* Exercise requirements:
I'd like the listing below copied exactly, with the images left out.

* Data section:
————————

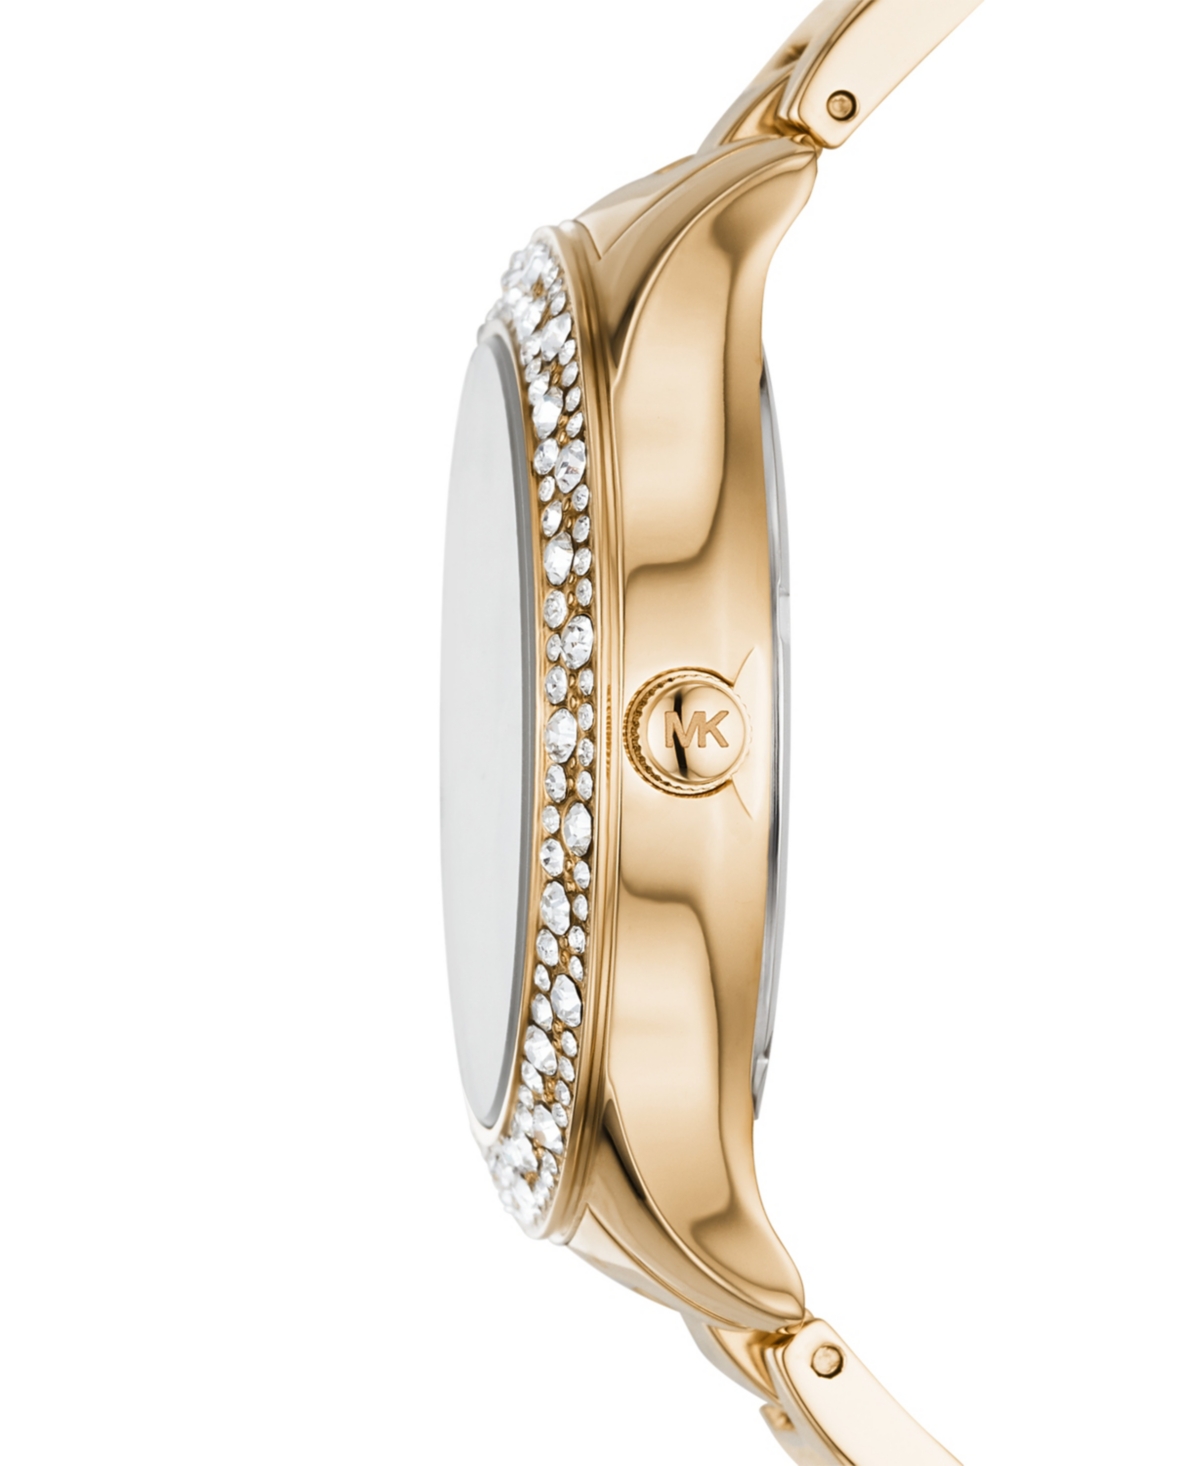 Shop Michael Kors Women's Liliane Gold-tone Stainless Steel Bracelet Watch 36mm
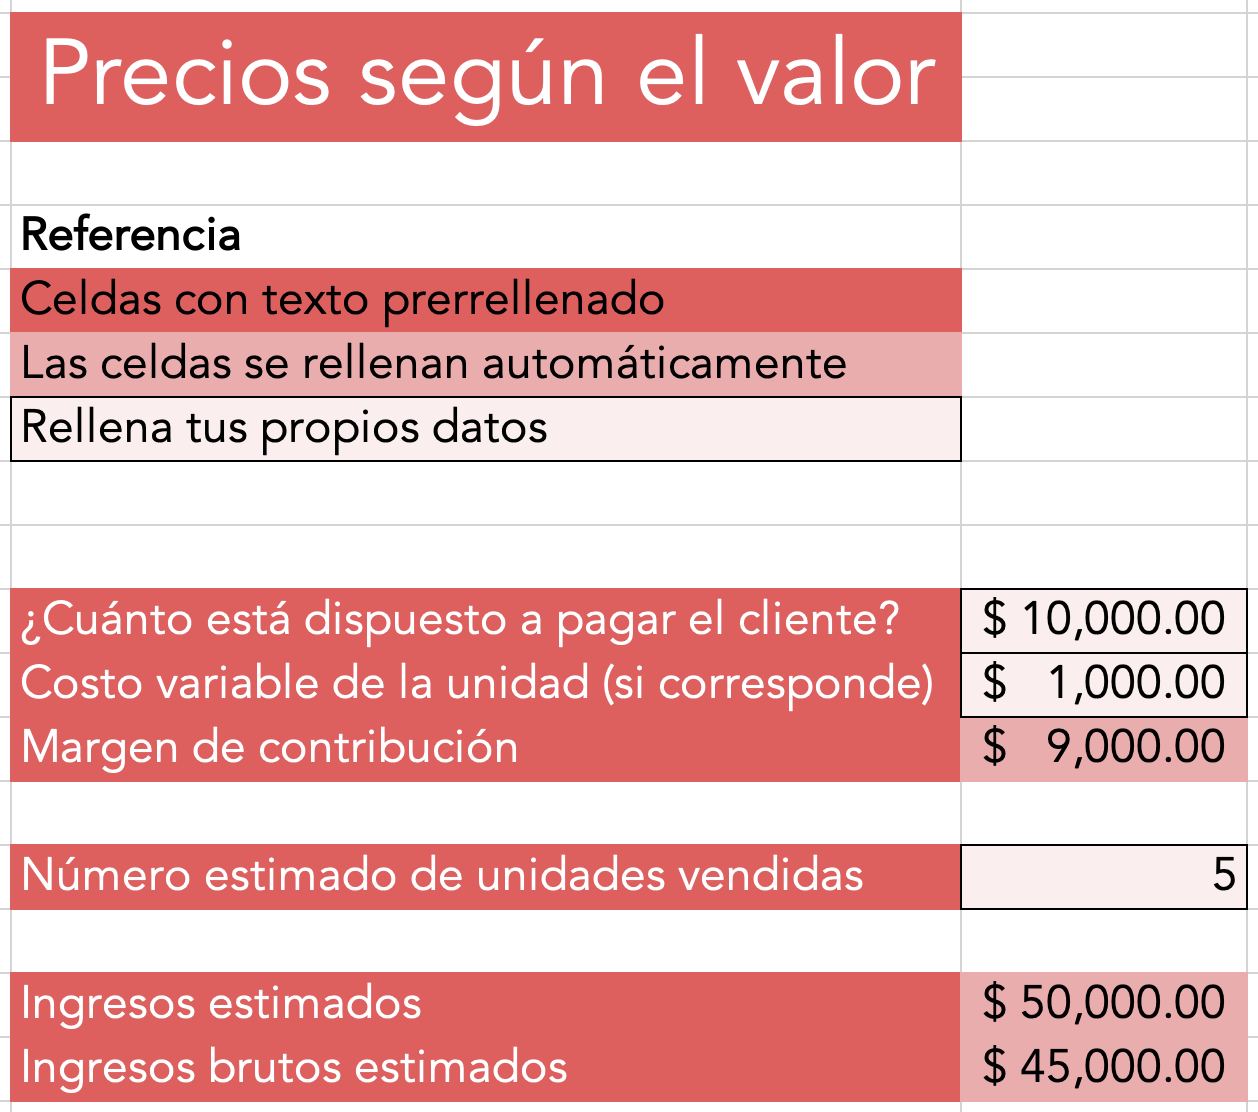 Ejemplo de cálculo de costo de producto (servicio financiero) según el valor
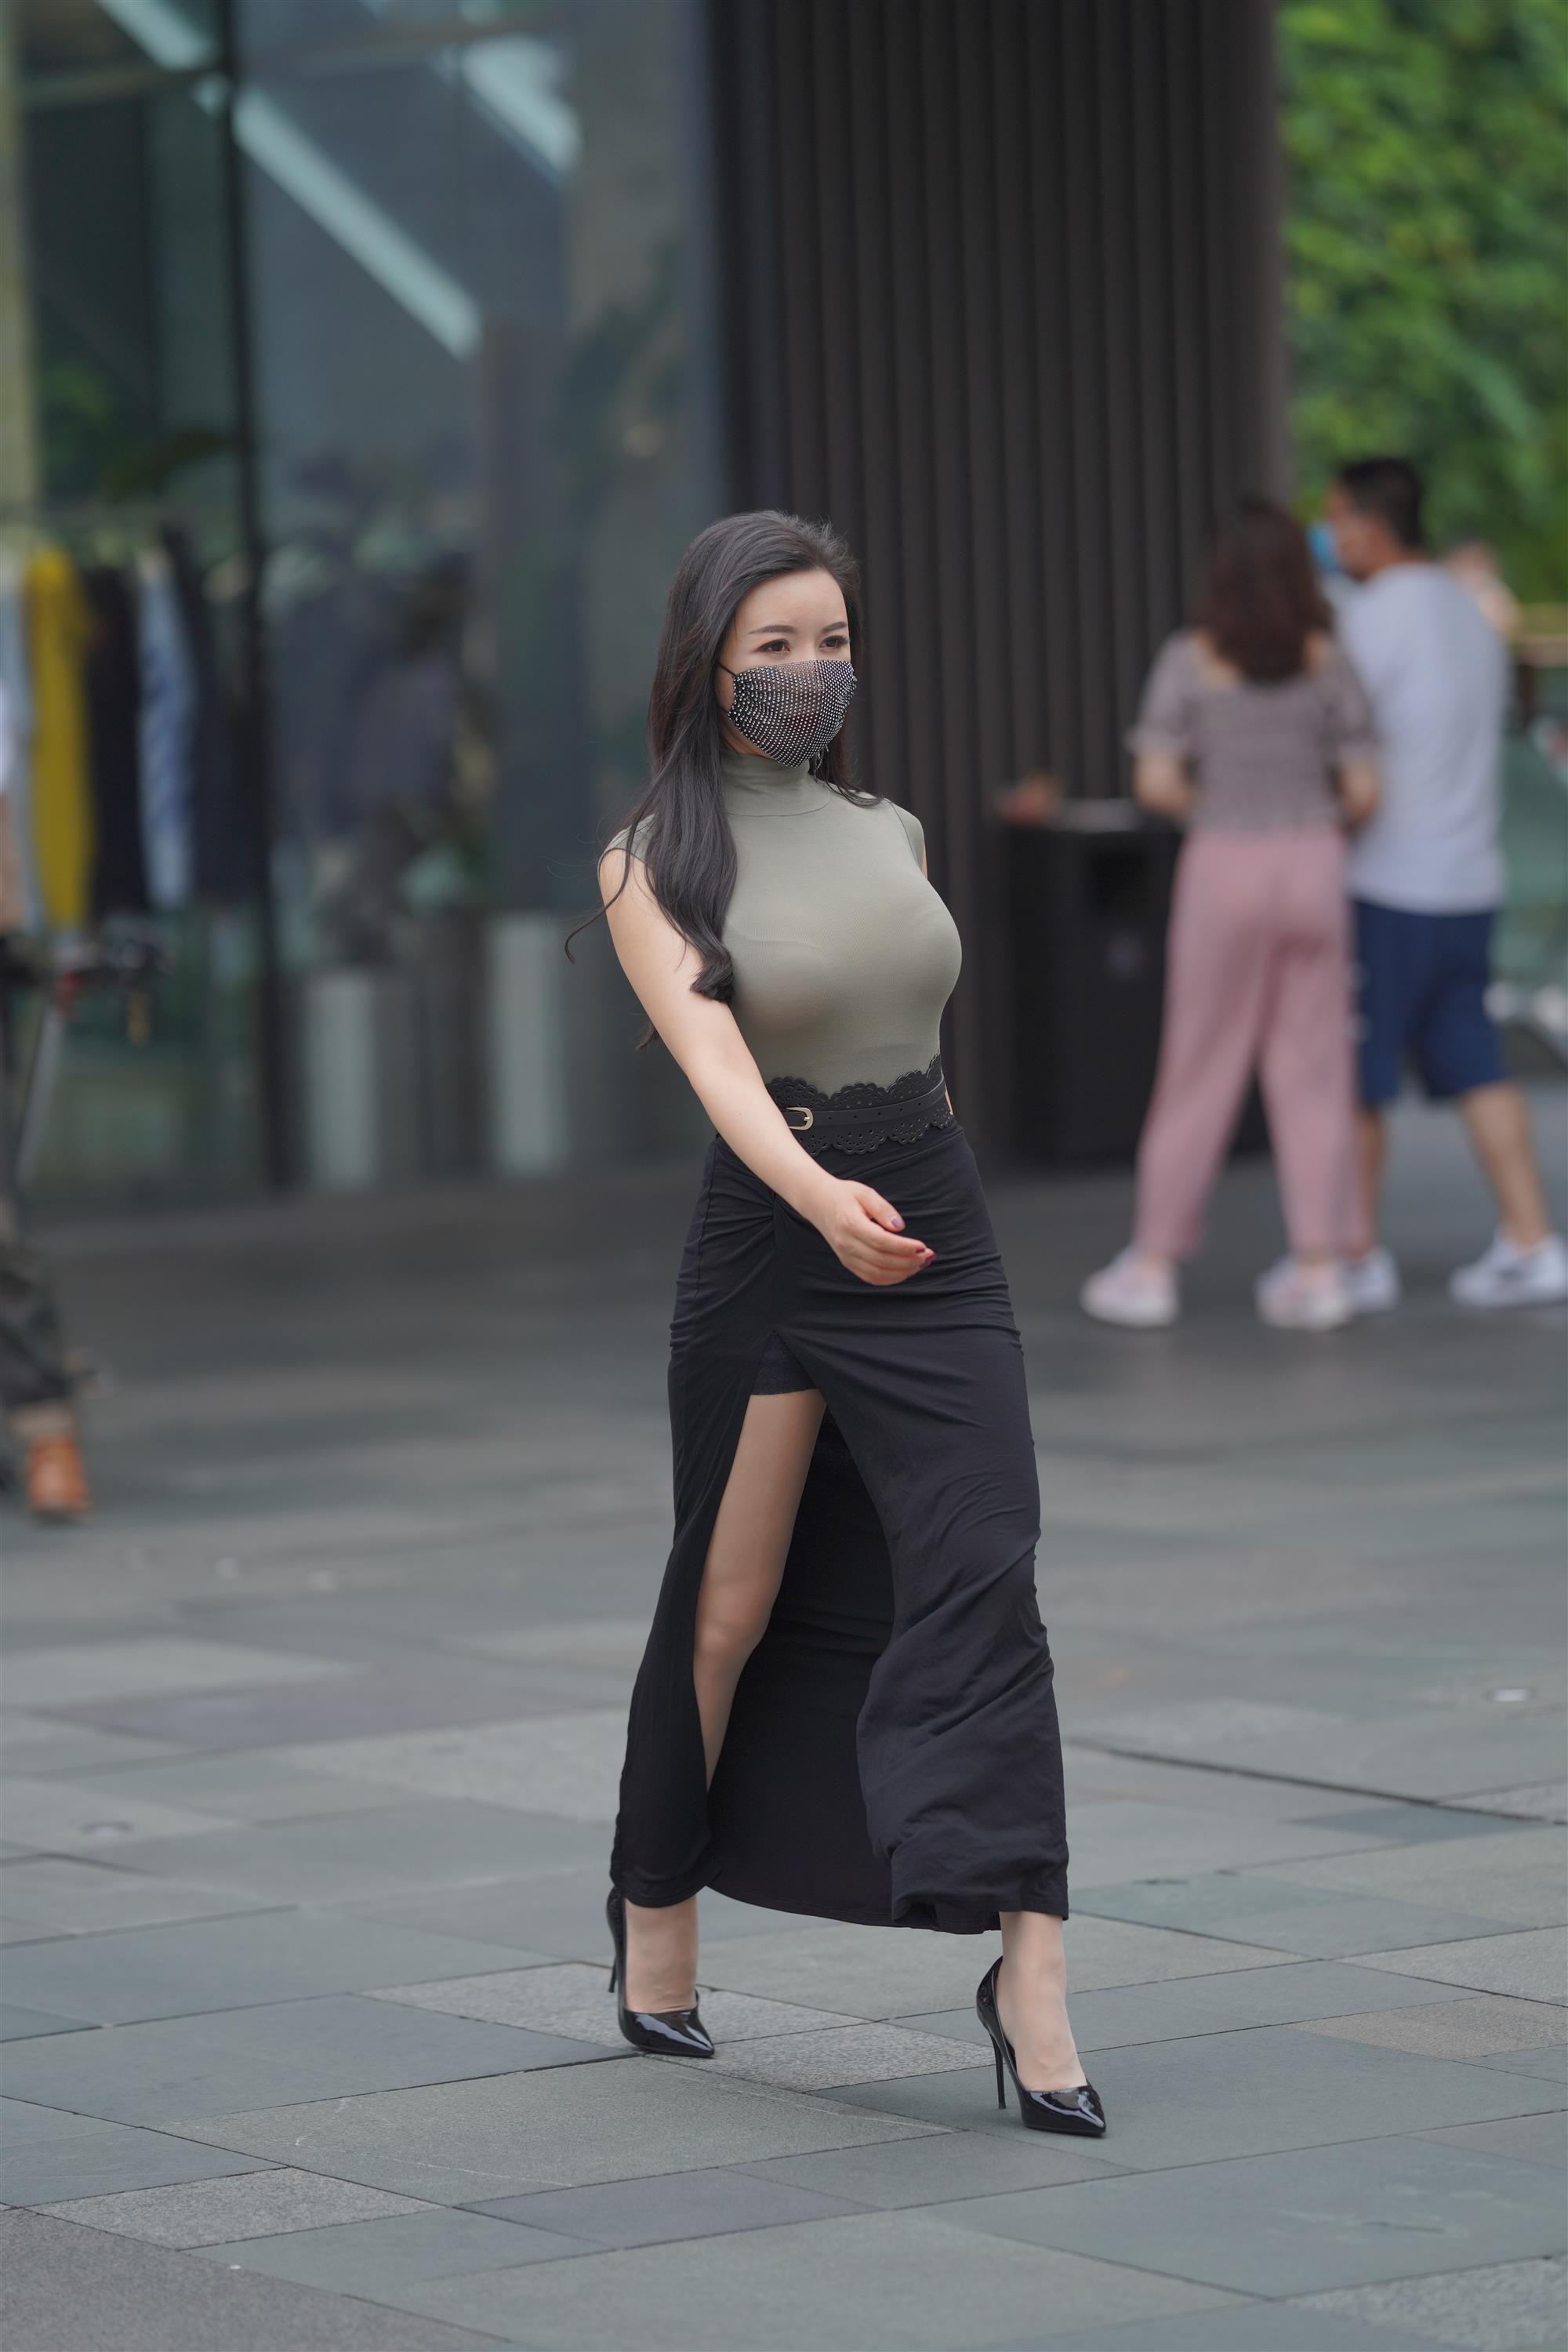 Street 欣儿 Long black skirt - 109.jpg

————————

* Result of the exercise:
 Shop Michael Kors Women's Liliane Gold-tone Stainless Steel Bracelet Watch 36mm
 Ejemplo de cálculo de costo de producto (servicio financiero) según el valor
 Street 欣儿 Long black skirt - 109.jpg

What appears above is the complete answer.